Vidu, a text-to-video large AI model capable of creating a 16-second, high-definition video in 1080p resolution with a single click, was unveiled on Saturday at the 2024 Zhongguancun Forum in Beijing.
Developed by Tsinghua University and Chinese AI firm ShengShu Technology, Vidu is China's first video large AI model with extended duration, exceptional consistency and dynamic capabilities.
Vidu not only could simulate the real physical world with precision, but it also possesses rich imagination, featuring multi-camera generation and high spatio-temporal consistency, said Zhu Jun, vice dean of the Institute for Artificial Intelligence at Tsinghua University.
"For example, the dust billowing up we see as the car moves, and the sunlight and shadow effects at different times of the day, can be rendered quite realistically. Another feature is, it can comprehend some of the language of multiple camera angle utilization, and focusing and light tracking effects, even some illusory scenes you can envision," Zhu explained.
As a large AI model developed in China, Vidu is able to understand and generate Chinese content such as giant panda and dragon.

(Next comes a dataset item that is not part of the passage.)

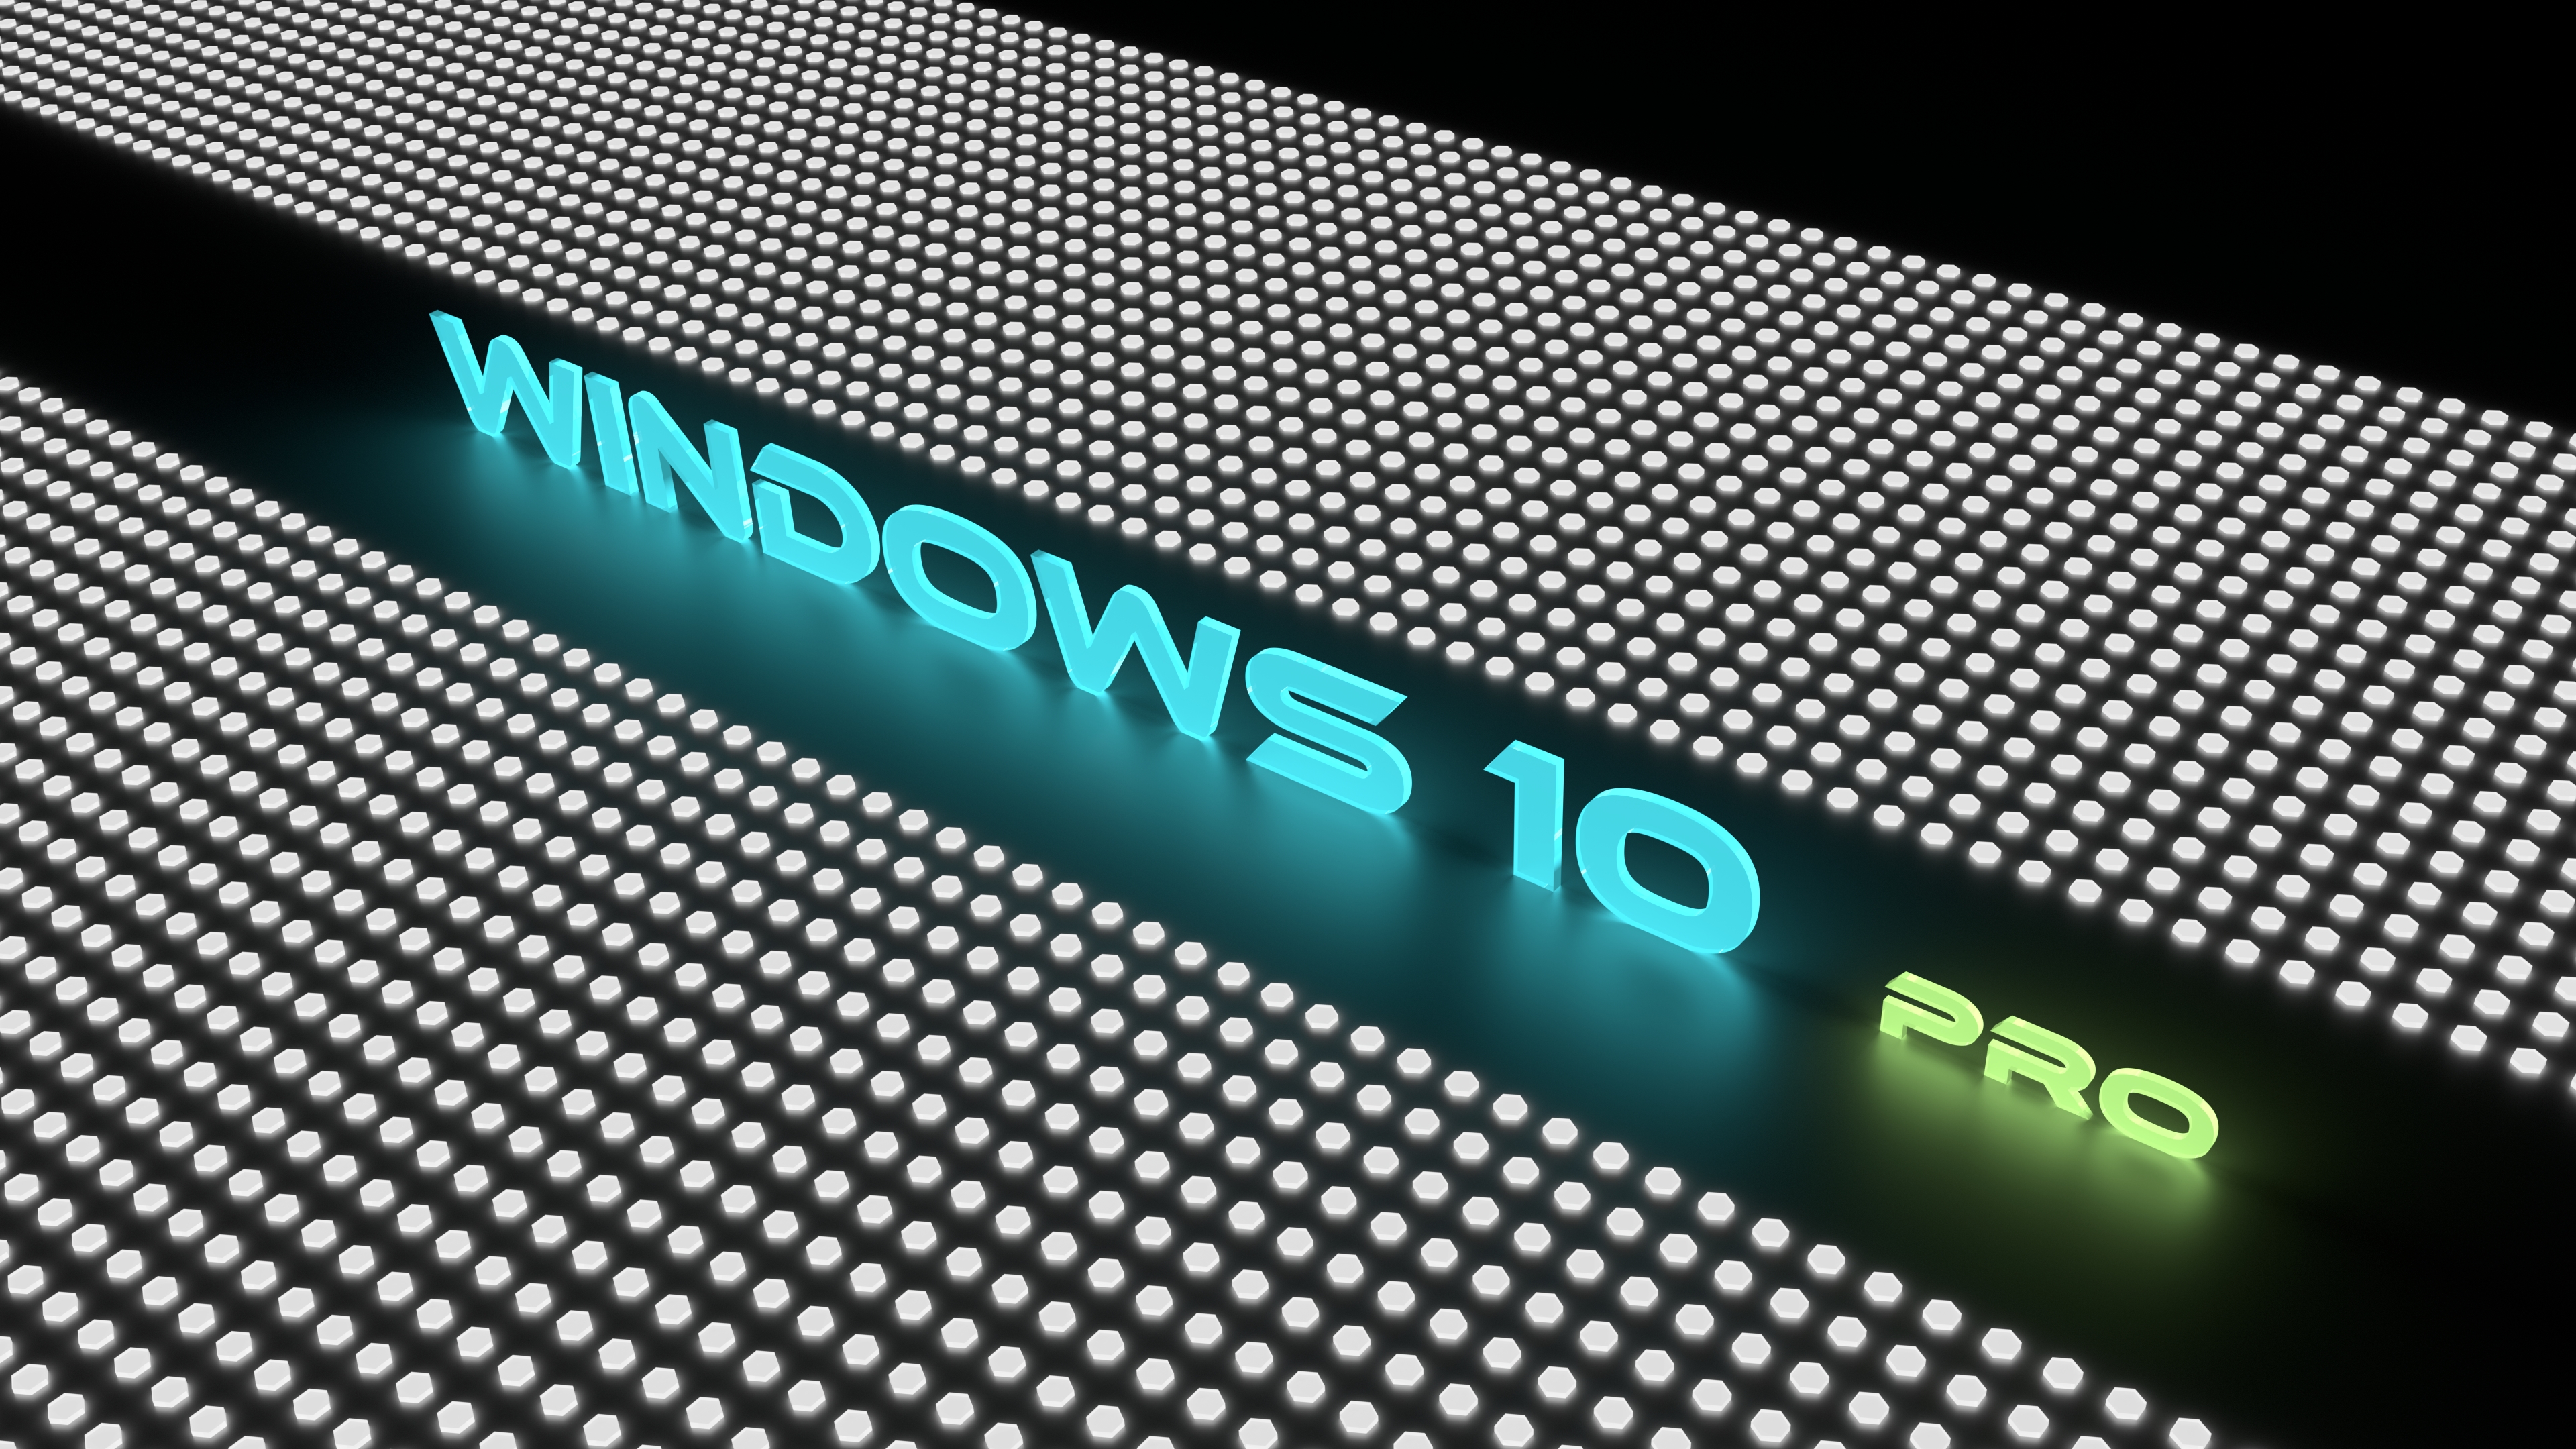 windows 10, technology, windows 2160p

It emerges as the pioneering breakthrough in video modeling after release of Sora, which is developed by the U.S.-based developer OpenAI.
"Vidu utilizes our proprietary technology architecture. Sora does not disclose its technical roadmap. We have been developing core technologies such as deep artificial intelligence and diffusion models independently," Zhu said.
The company said that Vidu's core architecture was proposed as early as in 2022.
The development of Vidu made major progress in January by generating four-second video and eight-second video in March.
Although there is a duration gap compared to Sora's ability to generate one-minute video, Zhu revealed that the technology roadmap has been realized over the past two months, and Vidu is iterating at a faster pace.
The release of Vidu has once again ignited deeper discussions about AI among the public, encompassing hopes, concerns, and visions for the future.
"AI has yet to achieve the capability of generating full-length films with a single click. We still have a long way to go. However, once certain conditions are met, we will undoubtedly make it available to everyone. In this process, we need to make it controllable, safe and accountable. In our country, development and governance are valued equally and we have actually attached equal importance to both of them," Zhu said.